2.) Are these problems inherent to the said printers? So what do I have to do to solve it?
3.) What printers are recommended for large-volume (heavy duty) sublimation printing (I prefer printers sold in the Philippines)?

*PRINTER MODELS AND PROBLEMS:*

*EPSON T13*
1.) problem with feed of sublimation paper : either (a.) the printer will not pick-up the paper at all, or (b.) the printer will pick-up papers (one after another) and just spew it out without even printing on it
_*this is really very time consuming for me. Instead of being able to do other work while the printer is printing, I have to monitor the printing instead so I can manually feed papers one at a time.
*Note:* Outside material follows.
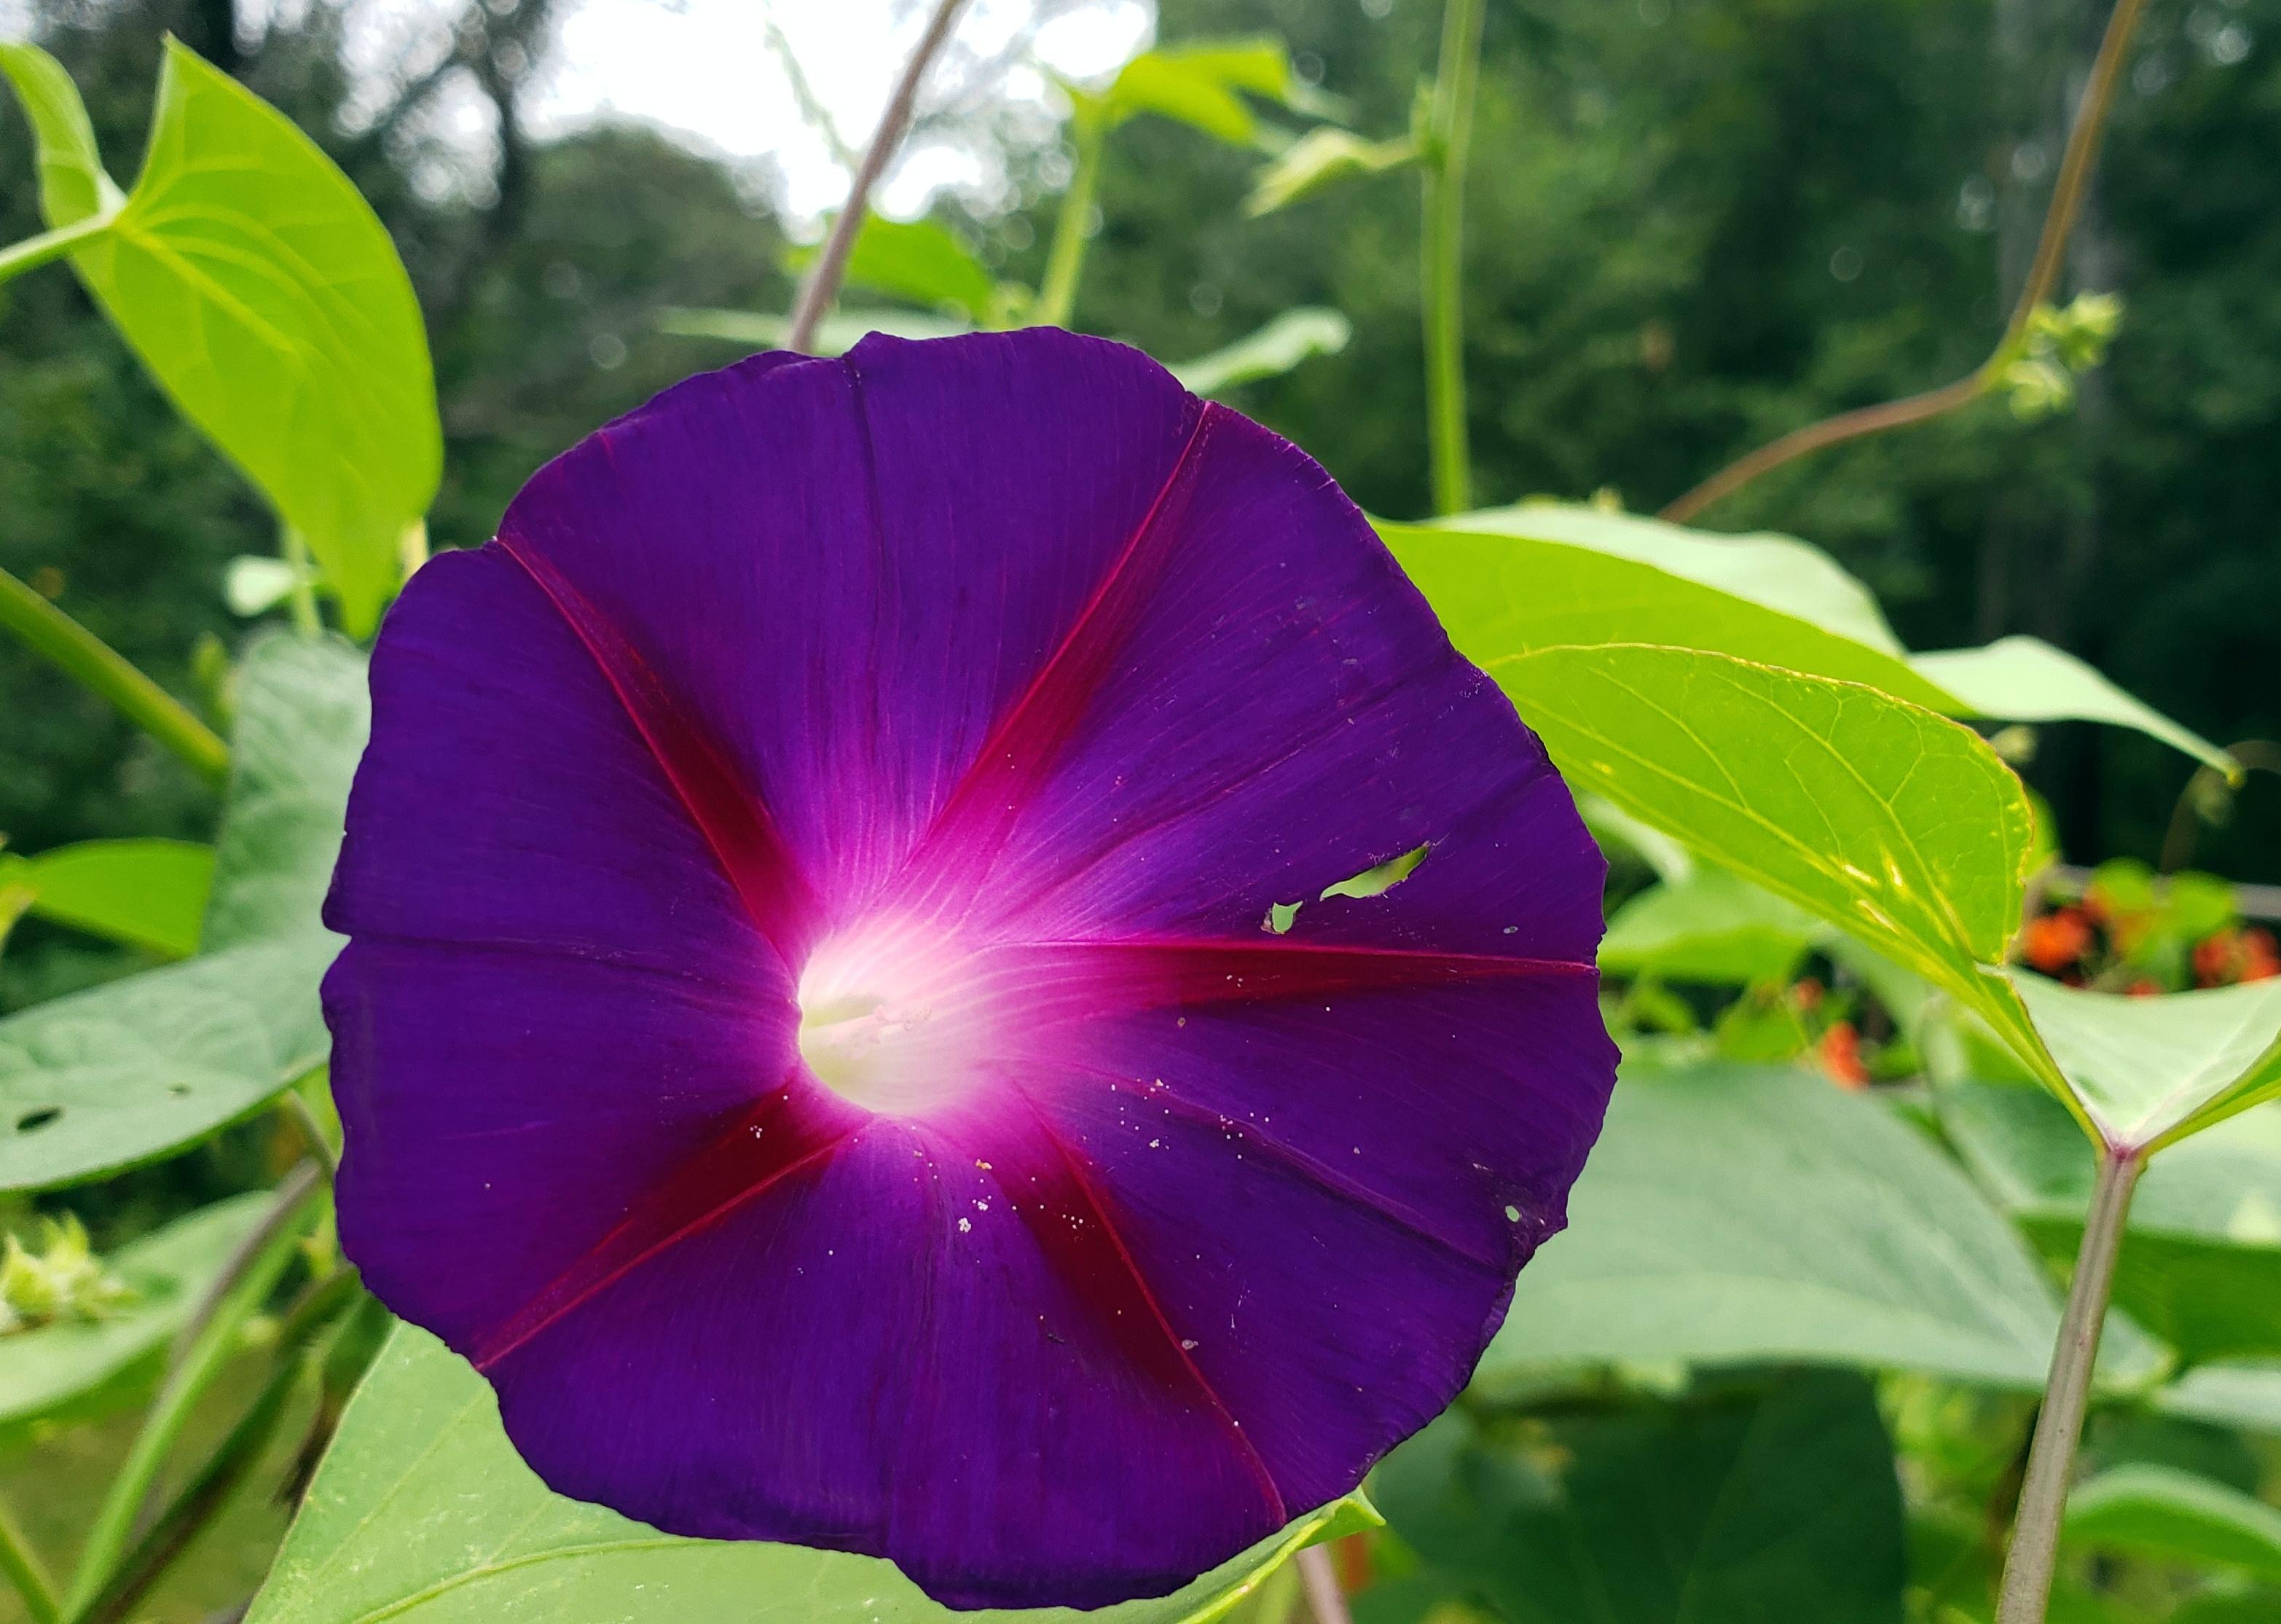 purpleredmorninggloryflower16Aug2020

And even with feeding papers one at a time, there is still the problem with the feed.
* I want to be able to just leave the printer to print while I'm doing other work and maximize my time._

*EPSON R230*
1.) _*same problem with the feed_
2.) color output quality is off : it seems that my computers (_Windows 7_ and a _Mac OS X Leopard_) can't recognize the additional Light Cyan and Light Magenta and prints images using Light Cyan and Light Magenta in place of Cyan and Magenta. 
_*is there a program I should be installing for use with the R230? Note: I have already installed the printer driver._

*IMPORTANT NOTE:*
It seems that for the Philippines, the type of sublimation printers utilized for use with CISS (continuos ink supply system) are Epson T13 and Epson R230. That's why we have those two printers.

I am sorry if this question has actually already been posted by others countless times all over the net but I can't seem to find the exact answer to my question...


THANKS SO MUCH! I will appreciate any help related to these two problems.


----------



## pisquee (Jan 8, 2012)

We moved away from Epson home/consumer products, and with it moved away from reliability problems. Now we are using Epson Stylus Pro wide format models for our pigment and sublimation printing. If this is an option for you too, then it is what I would advise.
As for the colour issue, you ideally want to get some ICC profiles made up for your printer and whatever ink you are using.


----------